Cette série de mesures conjoncturelles qui visent à porter assistance aux populations déguerpies a été associée à une vision structurelle qui aura pour mission d’assurer une meilleure gestion des prochains quartiers figurant sur la liste des zones à risques. En l’occurrence, la Cellule aménagement des quartiers précaires du district autonome d’Abidjan. Sous la coupole de la Primature, cette cellule est spécialement chargée de la programmation des quartiers précaires à déguerpir, de la prise en charge et du relogement des familles affectées par le déguerpissement ainsi que de l’examen des plans d’urbanisme des quartiers précaires déguerpis.
Logements sociaux
Un ensemble de mesures à ajouter aux dédommagements déjà octroyés aux dégagées des emprises du 4ème pont. Malheureusement, à entendre le Gouvernement, certains reviennent se réinstaller. Ça été notamment le cas d’Adjamé-village qui a fait couler beaucoup d’encre et de salive. La tension soulevée autour de cette action a donné l’impression que les populations déguerpies avaient raison. D’où le besoin de communiquer.

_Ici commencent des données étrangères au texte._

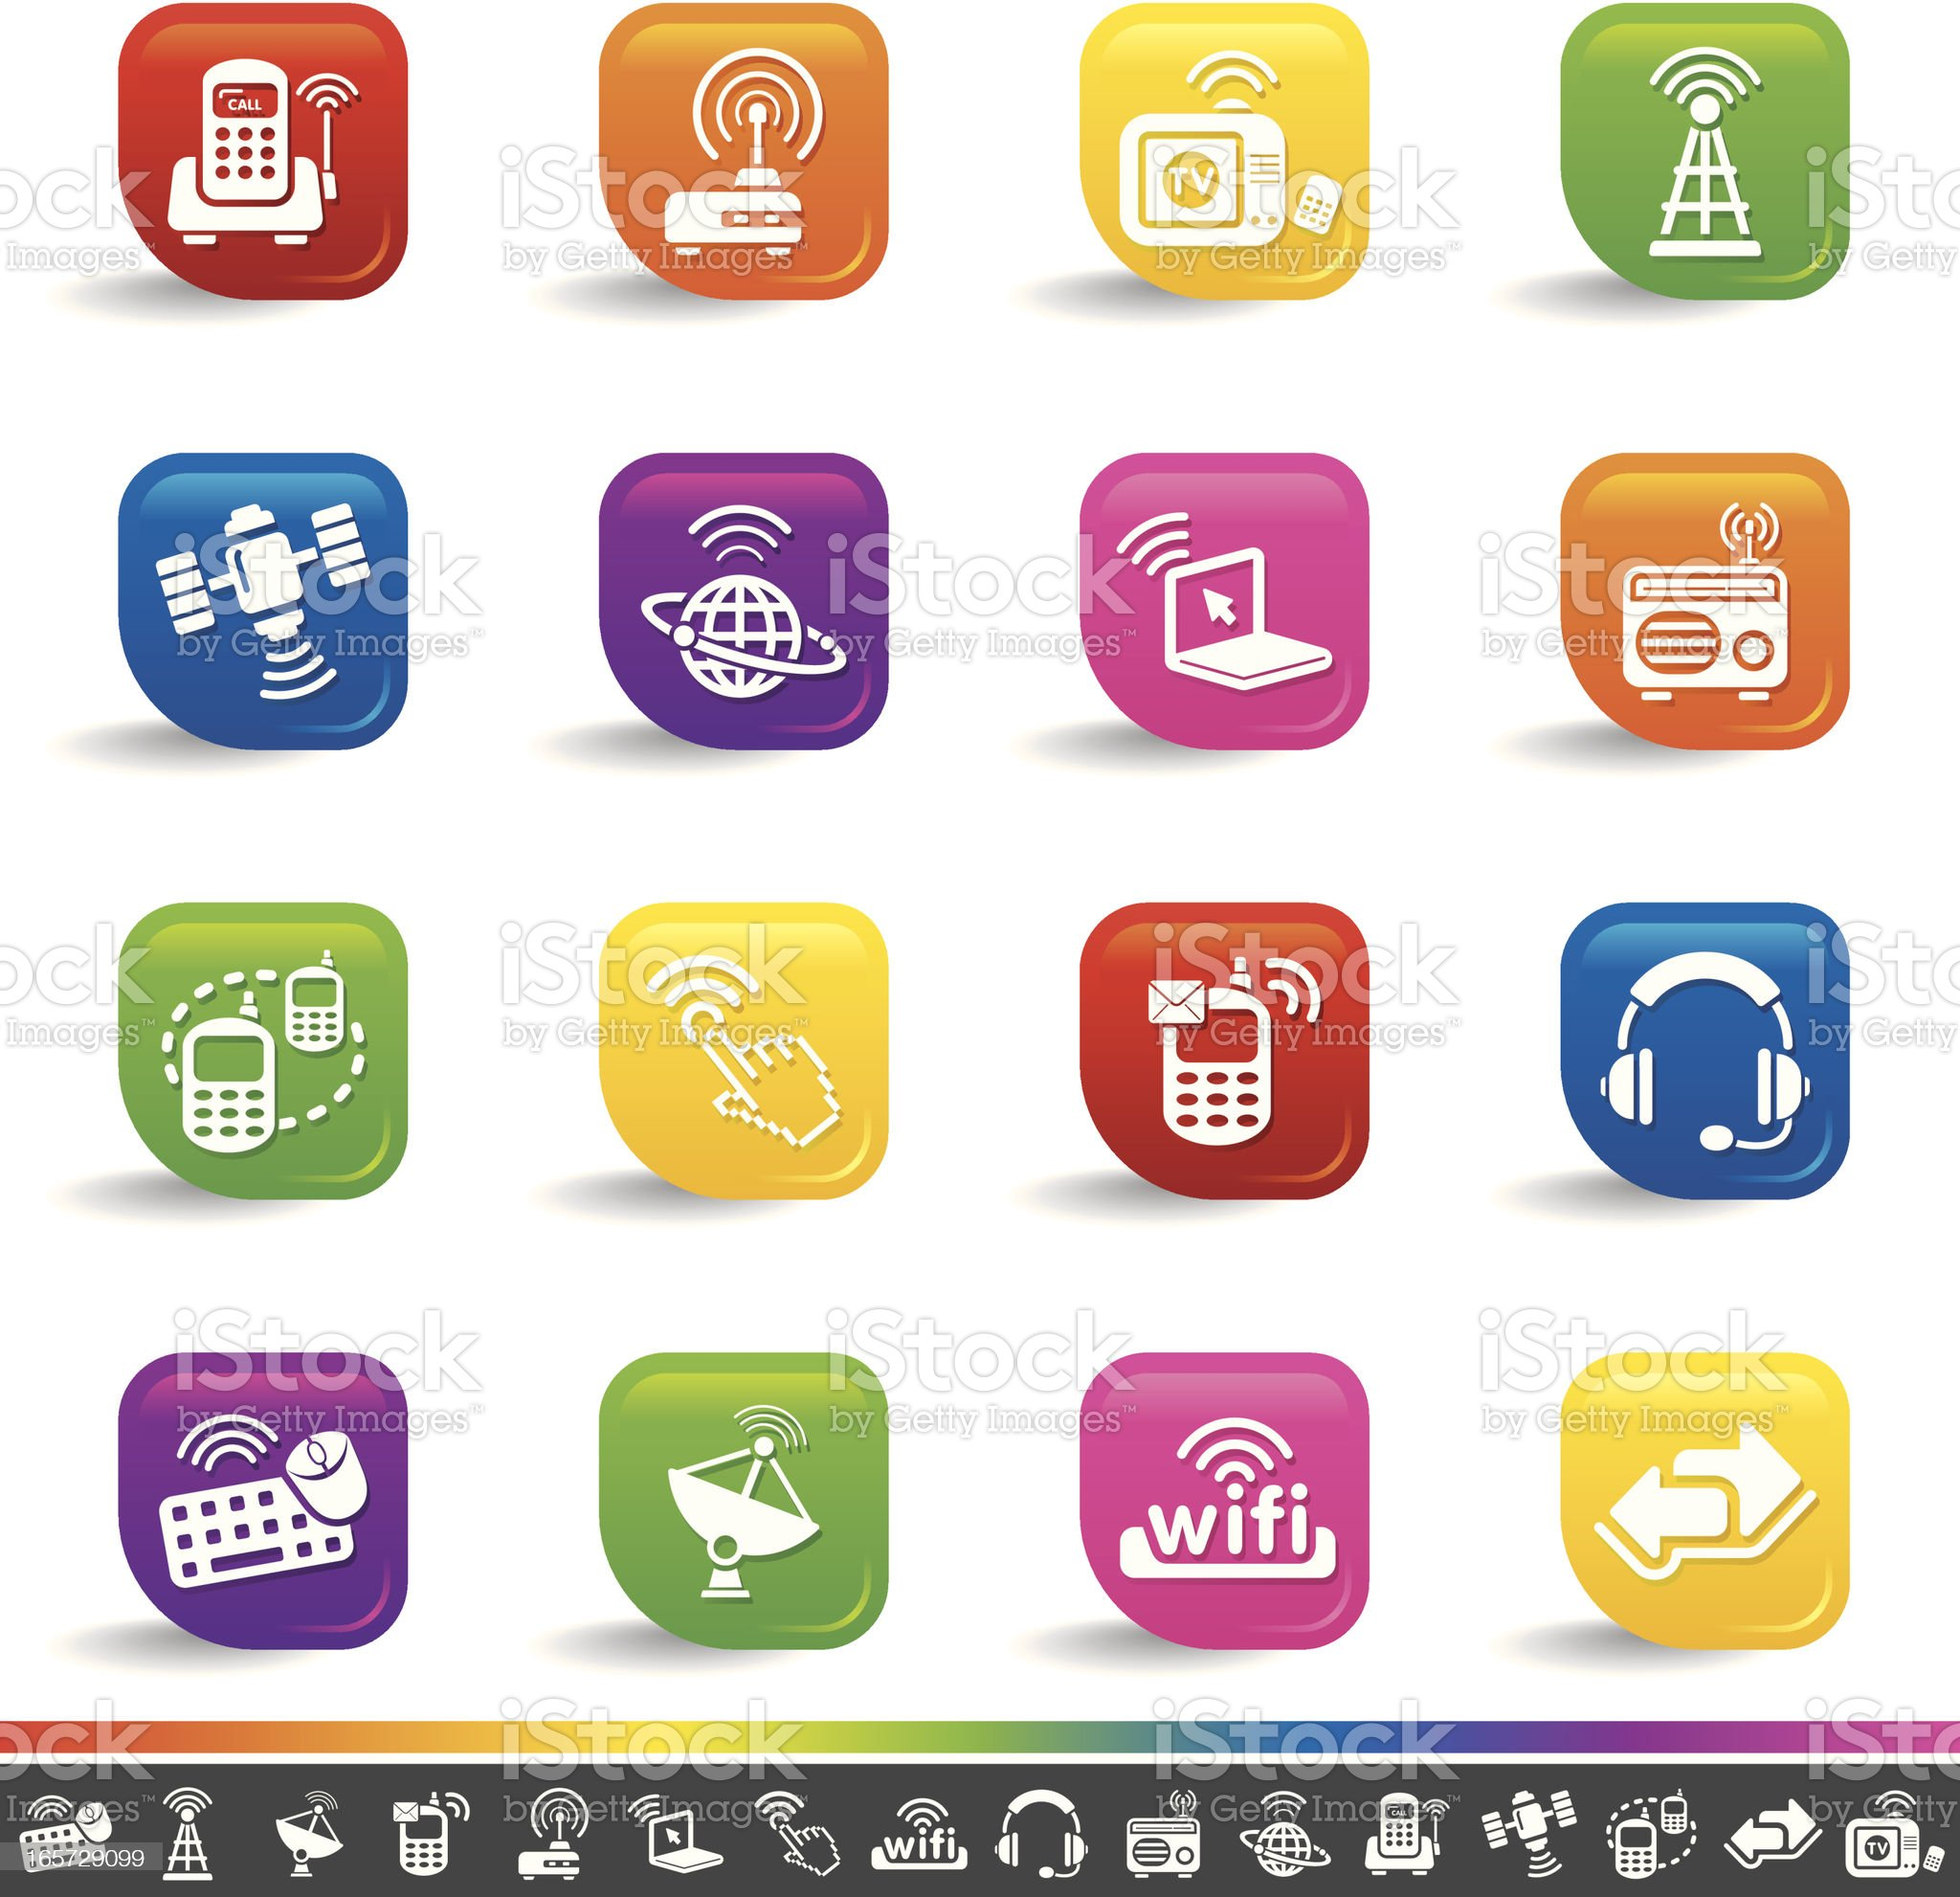 Wireless technology icons | Rainbow Series royalty-free stock vector art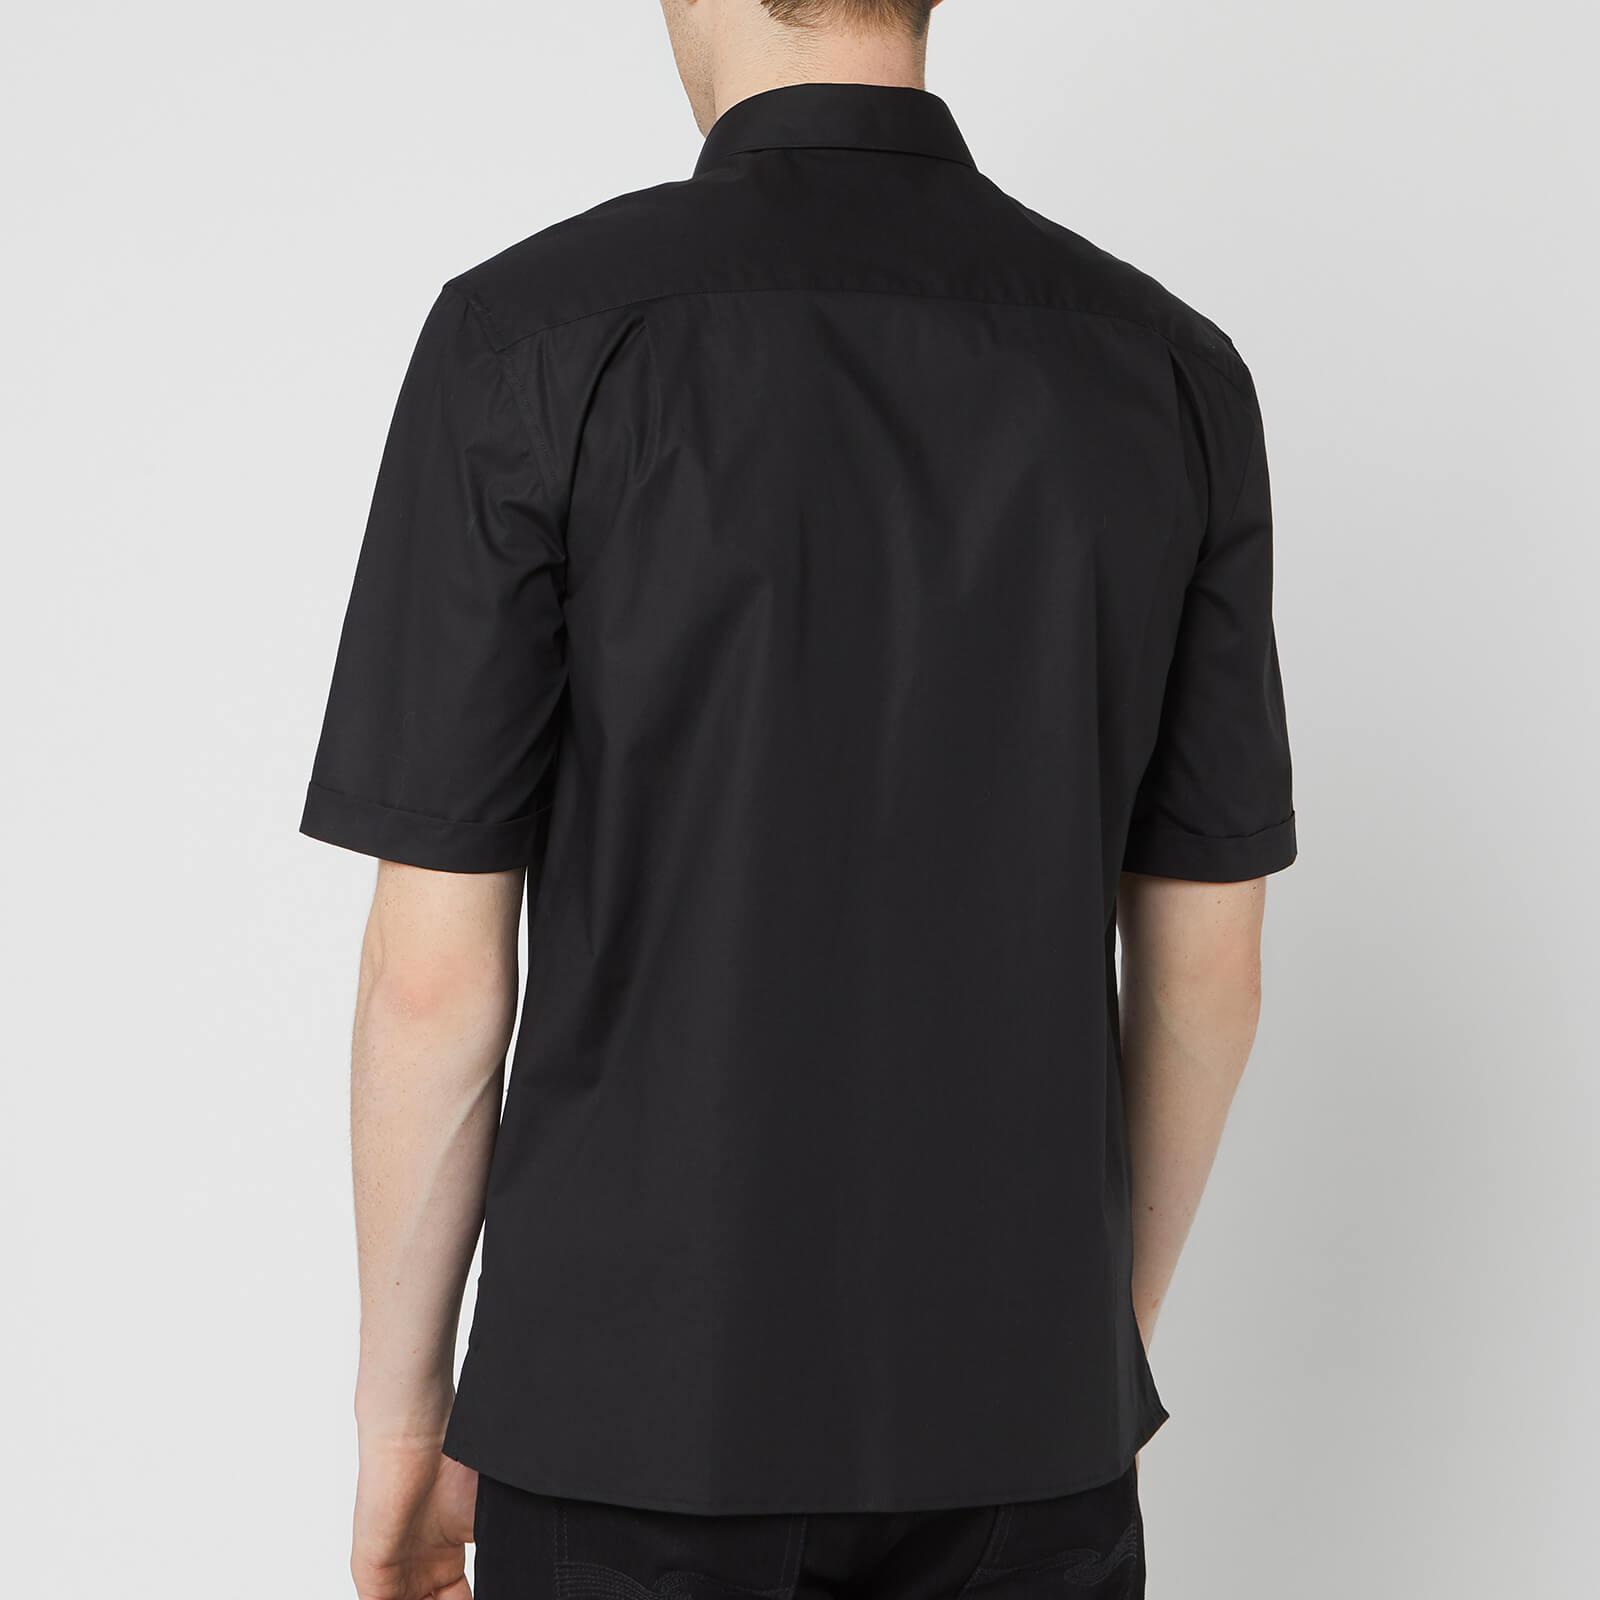 e0d9d445 Versace - Black Chest Medusa Shirt for Men - Lyst. View fullscreen

Le Rassemblement des houphouétistes pour la démocratie et la paix (RHDP) n’a pas d’ailleurs manqué de reconnaître cette faiblesse dans l’opération de déguerpissement, début mars. « Le RHDP salue les efforts importants entrepris par le Gouvernement en vue d’assurer à chaque Ivoirien un cadre de vie et une habitation décente et l’invite à amplifier le programme en cours de construction de logements sociaux (…) Le RHDP appelle le Gouvernement à prendre les mesures qui s’imposent pour assurer la diffusion de l’information auprès des populations-cibles et leur recasement sur des sites de transit (…) », a indiqué le parti au cours d’une déclaration. Le moins que l’on puisse dire, c’est que le déguerpissement sera un sujet de campagne pour 2025.